Livtencity Special Precautions

Virologic failure during treatment and relapse post-treatment: Virologic failure can occur during and after treatment with LIVTENCITY. Virologic relapse during the post-treatment period usually occurred within 4-8 weeks after treatment discontinuation. Some maribavir pUL97 resistance-associated substitutions confer cross-resistance to ganciclovir and valganciclovir. CMV DNA levels should be monitored and resistance mutations should be investigated in patients who do not respond to treatment. Treatment should be discontinued if maribavir resistance mutations are detected.
CMV disease with CNS involvement: LIVTENCITY was not studied in patients with CMV CNS infection. Based on nonclinical data, CNS penetration of maribavir is expected to be low compared to plasma levels (see Pharmacology: Pharmacokinetics and Toxicology: Preclinical safety data under Actions). Therefore, LIVTENCITY is not expected to be effective in treating CMV CNS infections (e.g. meningo-encephalitis).

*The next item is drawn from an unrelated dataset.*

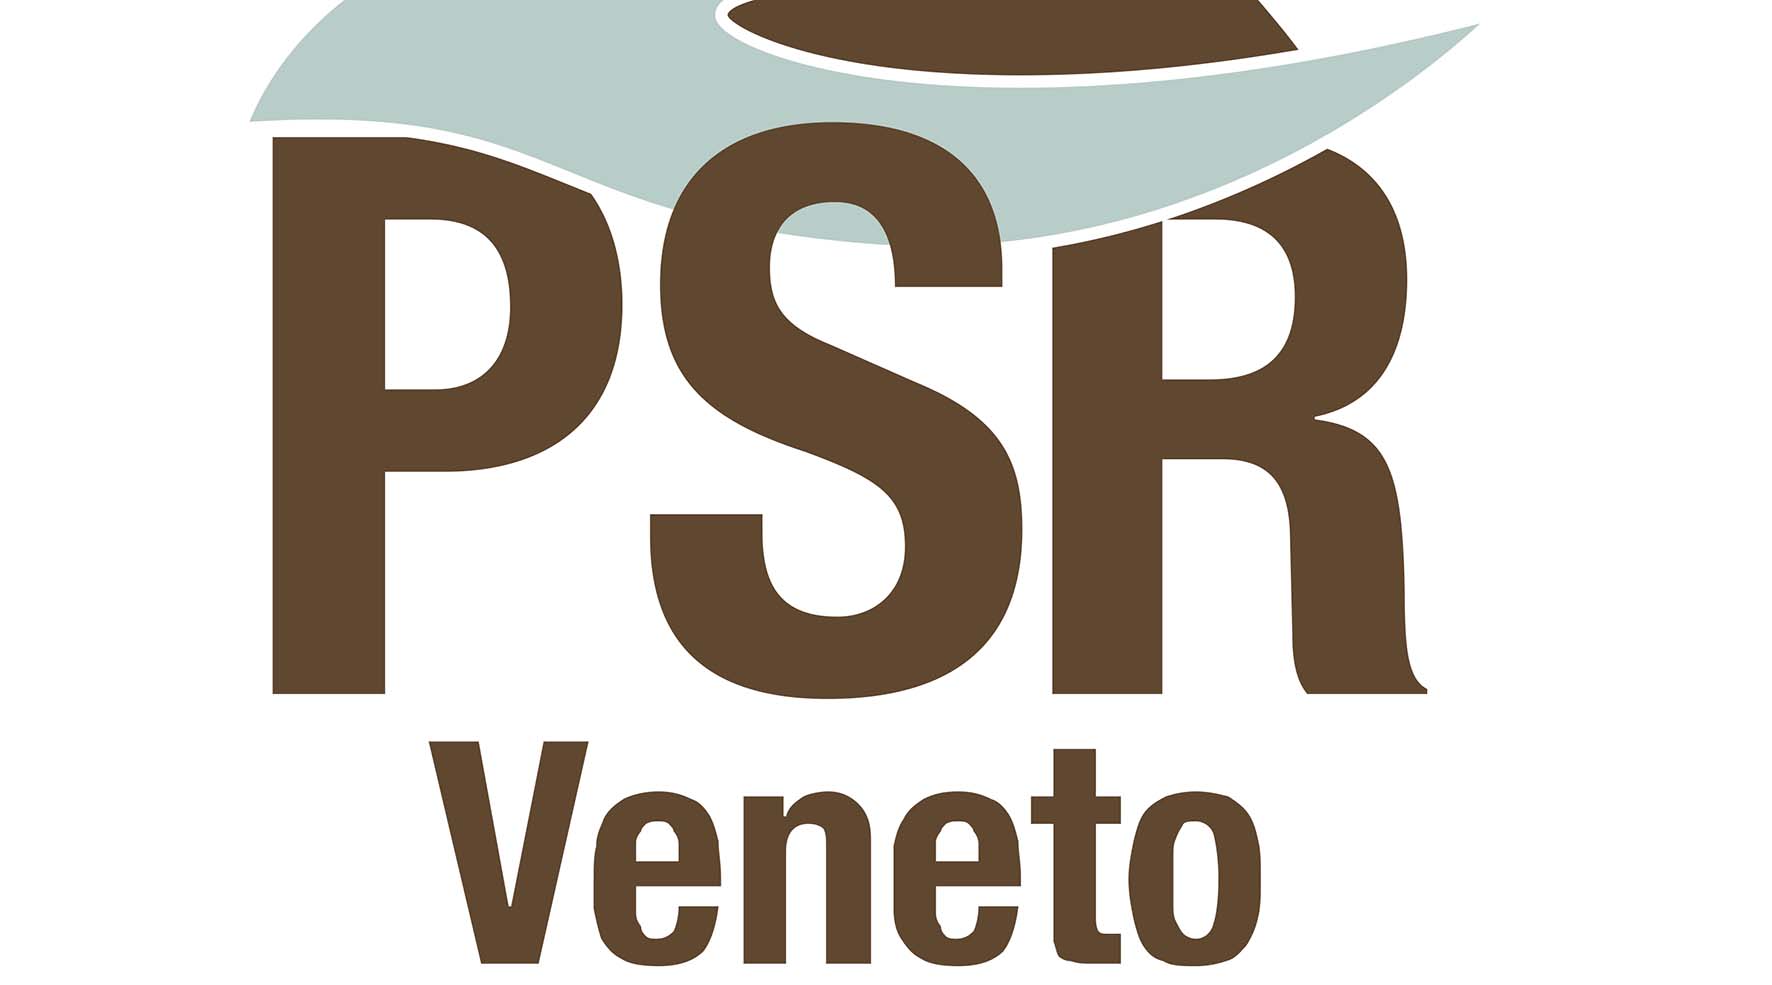 psr veneto 2014-2020 logo

Use with immunosuppressants: LIVTENCITY has the potential to increase the concentrations of immunosuppressants that are cytochrome P450 (CYP)3A/P-gp substrates with narrow therapeutic margins (including tacrolimus, cyclosporine, sirolimus and everolimus). The plasma levels of these immunosuppressants must be frequently monitored throughout treatment with LIVTENCITY, especially following initiation and after discontinuation of LIVTENCITY, and doses should be adjusted, as needed (see Interactions, Adverse Reactions and Pharmacology: Pharmacokinetics under Actions).
Risk of adverse reactions or reduced therapeutic effect due to medicinal product interactions: The concomitant use of LIVTENCITY and certain medicinal products may result in known or potentially significant medicinal product interactions, some of which may lead to: possible clinically significant adverse reactions from greater exposure of concomitant medicinal products; reduced therapeutic effect of LIVTENCITY.
See Table 6 for steps to prevent or manage these known or potentially significant medicinal product interactions, including dosing recommendations (see Contraindications and Interactions).
Sodium content: This medicinal product contains less than 1 mmol sodium (23 mg) per tablet, that is to say essentially 'sodium-free'.
Effects on ability to drive and use machines: LIVTENCITY has no influence on the ability to drive and use machines.